Free trade capitalists may cheer the proposed $4.7 billion takeover of Virginia icon Smithfield Foods by a Chinese firm, but there is plenty to give pause and the blowback is creating some strange bedfellows.
The major issues are whether one should want Chinese-style management in charge of American corporations given their record on safety and market ethics.
Even arch-conservative Del. Bob Marshall is sounding alarm bells. He wrote in letter to Smithfield’s brass that: “China’s widespread food safety problems are known to American consumers and will engulf Smithfield Foods regardless of the names under which they are sold.”

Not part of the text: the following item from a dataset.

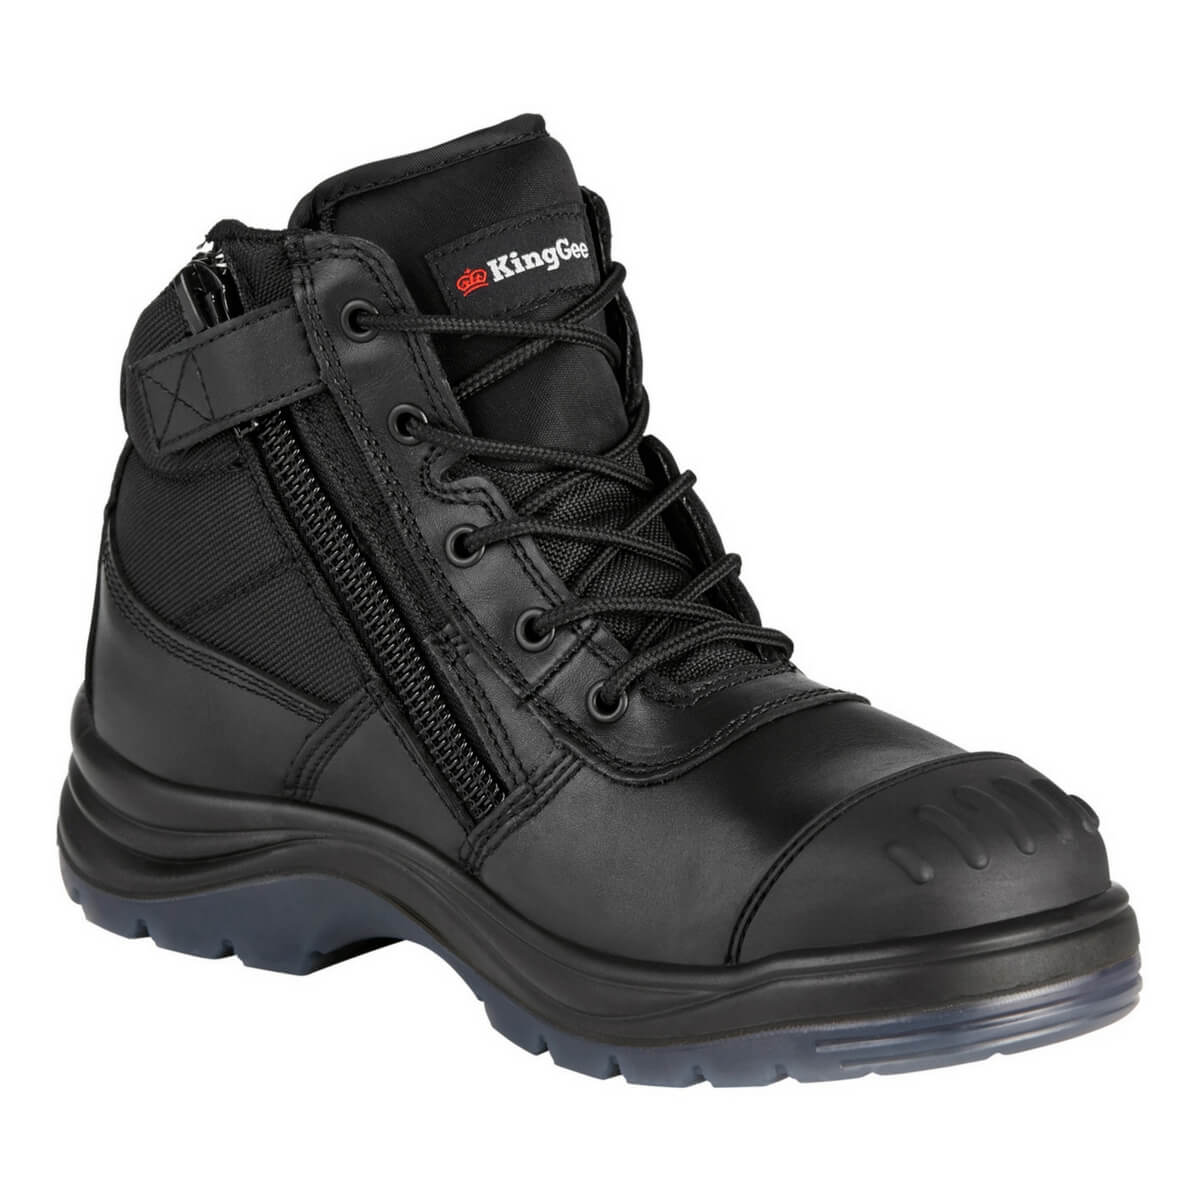 tradie brand work boots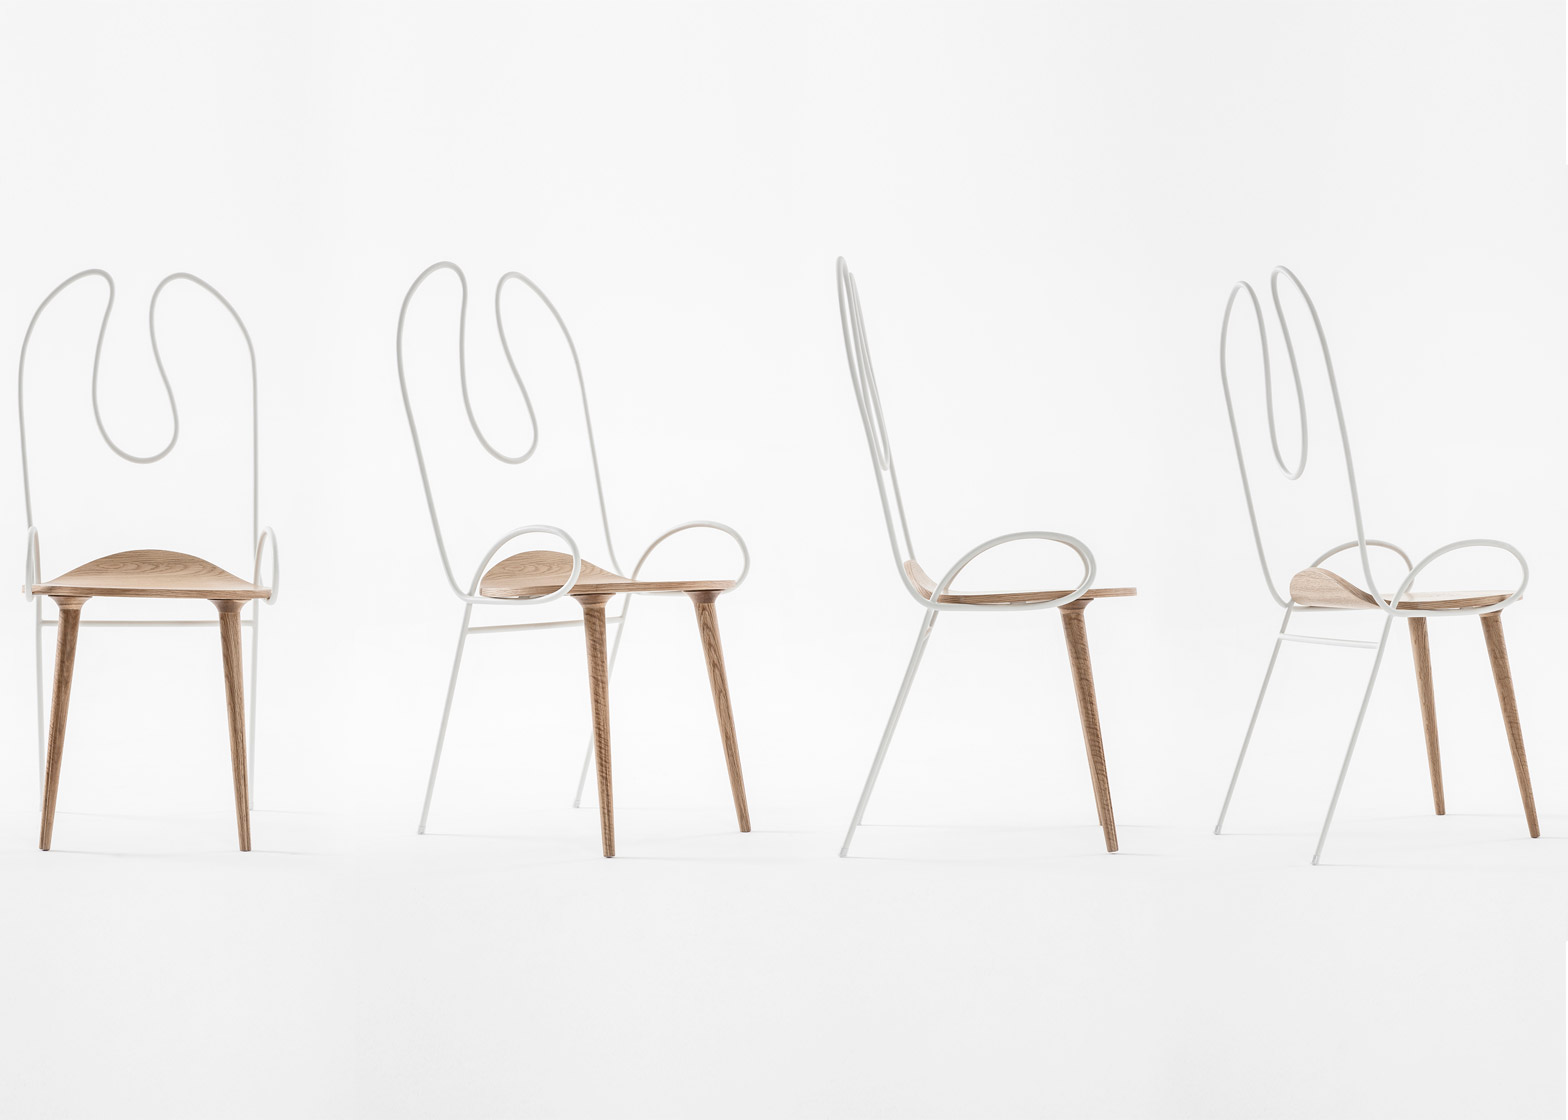 Wooden Chairs: Meet the amazing Sylph chair by Atelier Deshaus

Among Marshall’s points is that Shuanghui International Holdings Inc., which wants Smithfield, has a record of unsafe practices in its current food operations. He cites press accounts that the firm bought pigs 2011 that contained clenbuterol that was banned in 2002 and that ribs the firm sold last year had maggots and sausage had too much bacteria.
The takeover, which still needs approval from U.S. regulators, took a hit when a few days after its announcement, at least 119 people were killed in a poultry slaughterhouse in Northern China. The Chinese media says that many workers had been locked in the factory, which is a common workplace practice in that country.
In the past two years, some 70,000 Chinese have lost their lives in industrial accidents – a record that make any reasonable person think twice.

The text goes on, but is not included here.